Peter Staudenmaier became the fifteenth member of the department to win a Faculty Award for Teaching Excellence and the second to win the Teacher of the Year Award from A & S. In fact, more than a third of the current history faculty have won teaching awards from the university or the college.
On the left, Peter accepts his Award for Teaching Excellence at the Annual Pere Marquette Dinner on May 2, 2019. On the right, Tim McMahon, who won the award two years ago, acts as Master of Ceremonies at the dinner.
Daniel Meissner became the fourth history faculty member to be awarded the Excellence in Advising Award from the college of Arts and Sciences (joining Kristen Foster, Tim McMahon, and Julius Ruff). Dan is pictured here at the Arts and Sciences awards celebration with Madeleine Mathias, the advisee who nominated him for the award. Her nomination letter read, in part, Dr. Meissner “has helped me take advantage of so many opportunities and always promotes my education and abilities. As I graduate this year, I cannot thank him enough for everything he has done and I cannot imagine of a more perfect candidate for this award.”
Finally, we bid farewell and good luck to two of our long-time colleagues, Dr. Julius Ruff and Fr. Michael Zeps, SJ, who retired in May.
Julius began teaching at Marquette in 1980. He is the author of two major monographs, Crime, Justice and Public Order in Old Regime France, and Violence in Early Modern Europe, 1500-1800, and co-author of Discovering the Western Past a textbook that went through several editions. Among his academic honors were a National Endowment for the Humanities fellowship (1987), his selection as a Sesquicentennial Distinguished Alumni Lecturer at Guilford College (1988), and his election as Co-President of the Society for French Historical Studies.
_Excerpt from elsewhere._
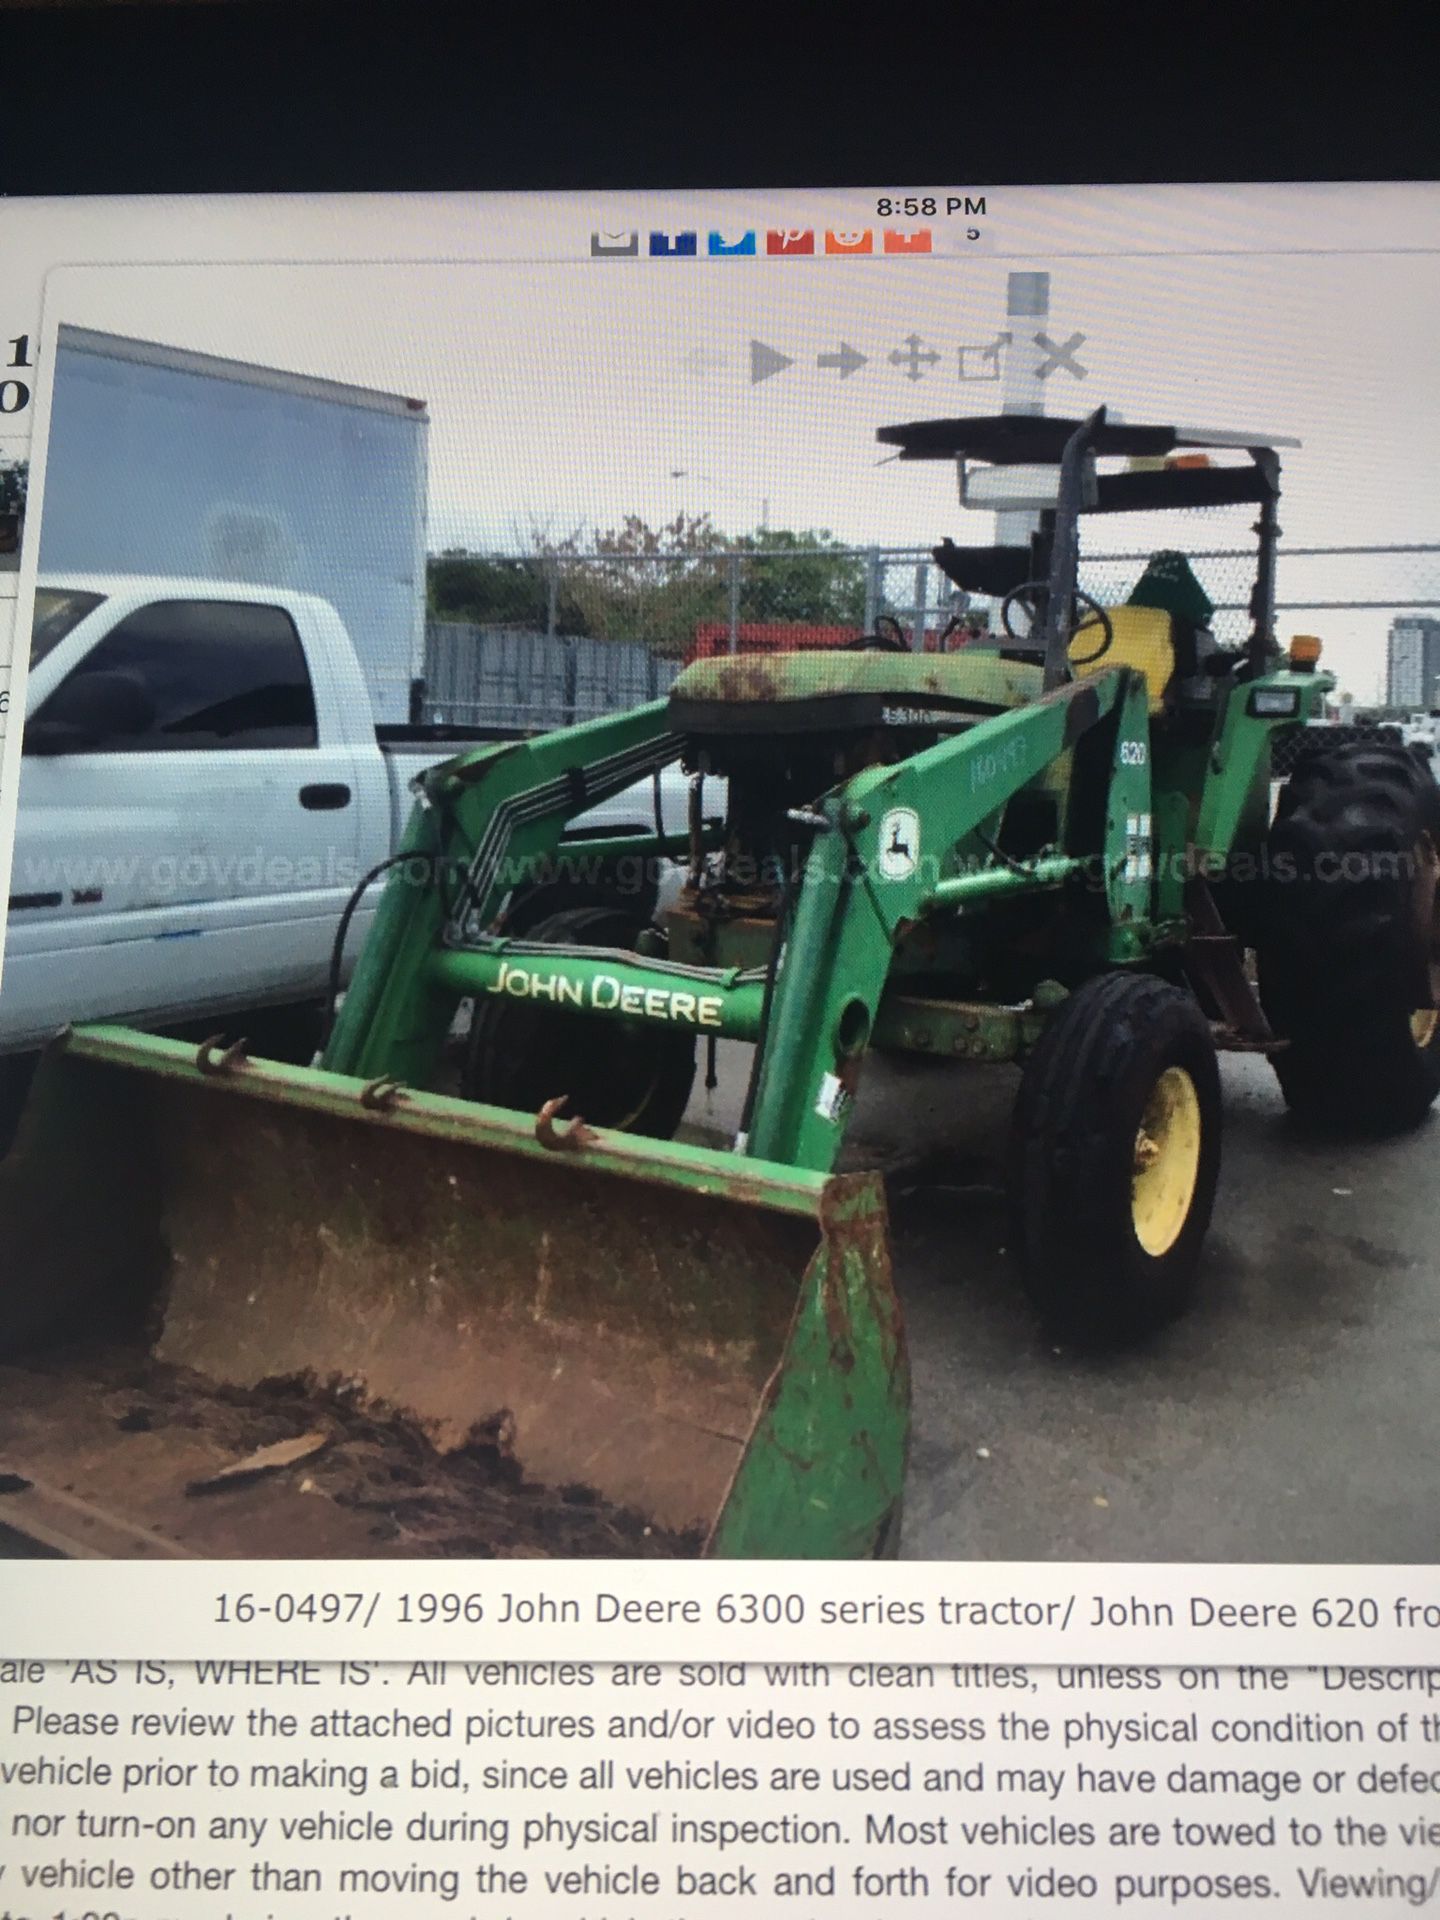 John Deere tractor 6300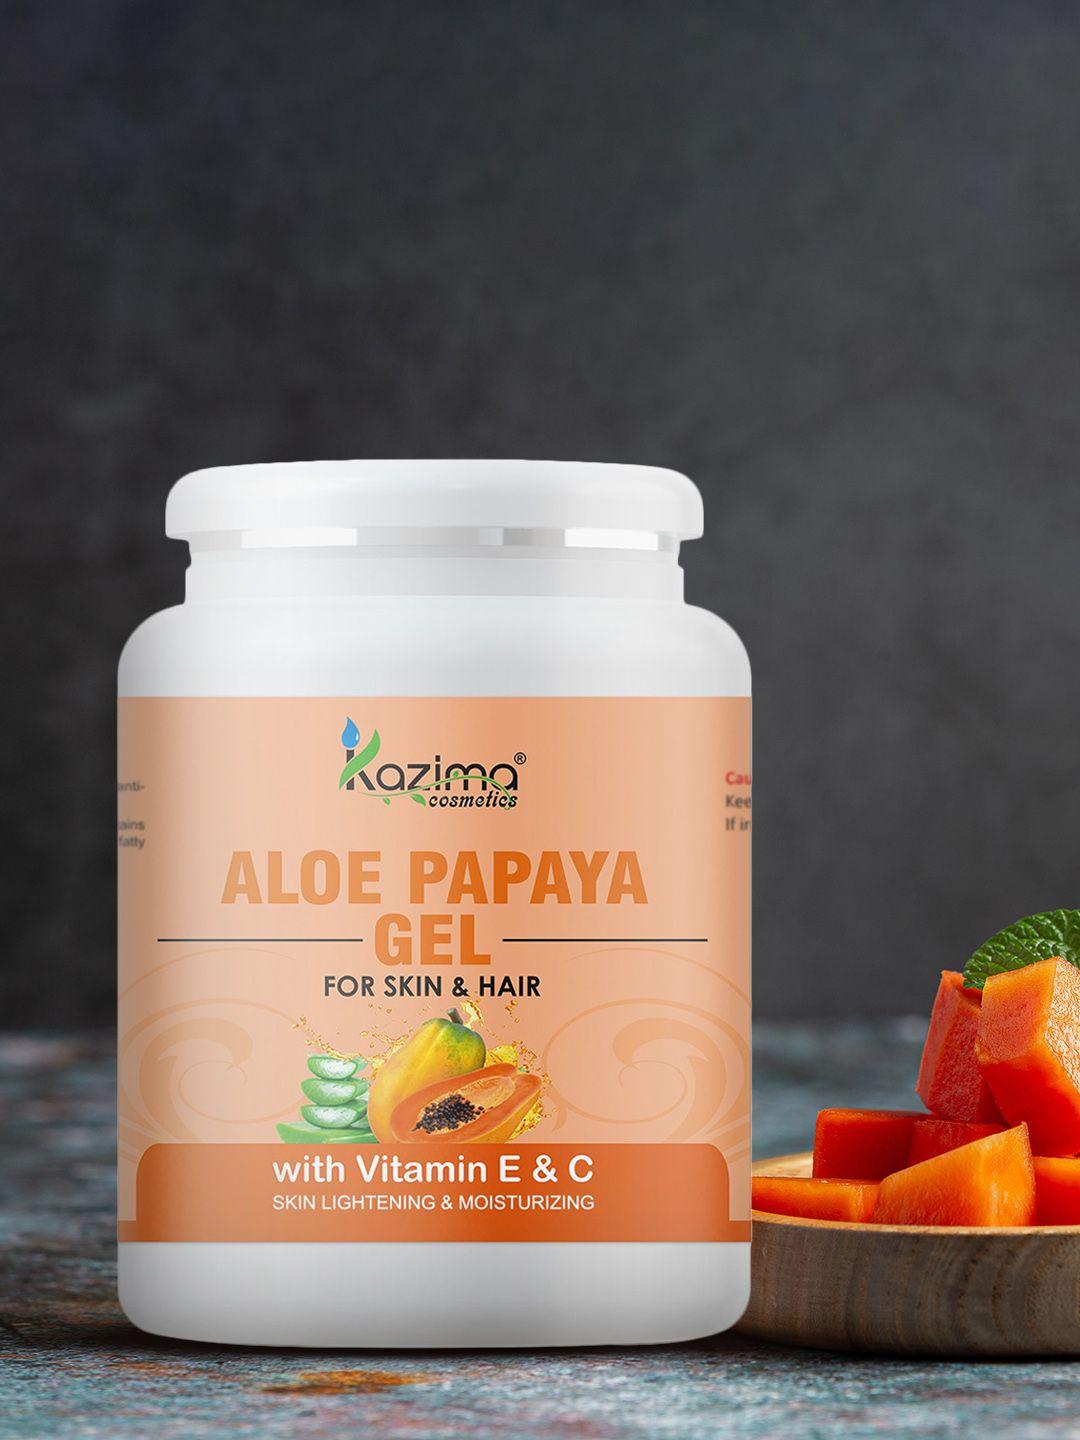 kazima aloe papaya gel for skin & hair - 500 g

At Marquette Julius taught sixteen different courses on topics ranging from the Ancient Regime in France to the 1960s. One of his great successes was History and Philosophy of Crime and Punishment, which he co-developed and taught many times. Somewhat more recently, he began teaching a course on the First World War, which quickly became favorite among history majors and non-majors alike.
In 1998 Julius received the John P. Raynor Faculty Award for Teaching Excellence, while in 2007 he won the Excellence in Advising Award in the College of Arts and Sciences. He was a long-time Director of Graduate Studies and in 2013 served as Acting Chair.
Mike finished forty years at Marquette in fall 2018. He has taught classes ranging over several continents and centuries: modern Europe, both halves of Western Civilization, European intellectual history, and American military history. He published the monograph Education and the Crisis of the First Republic—on post-war Austria—and continues to work on a photographic and historical survey of public housing in Vienna and its association with Nazi architecture and politics.
Mike has for many years and continues to be the resident minister in Cobeen Hall. He has been responsible for weekly masses at Joan of Arc Chapel and in Cobeen (some in Latin), and has been asked to deliver prayers to begin and end countless campus occasions. He has married—and buried—many students and former students.
Besides his role as a Jesuit, Mike’s great love is music. That’s him playing “Ashokan Farewell” at the beginning of the History Department video History Matters. In addition to his long-time association with the Marquette University Symphony Orchestra, he plays with numerous ensembles at the university and in the community, and has performed at many weddings, campus gatherings, and off-campus events. One of his most successful classes was a research seminar hat combined music, intellectual history, and technology.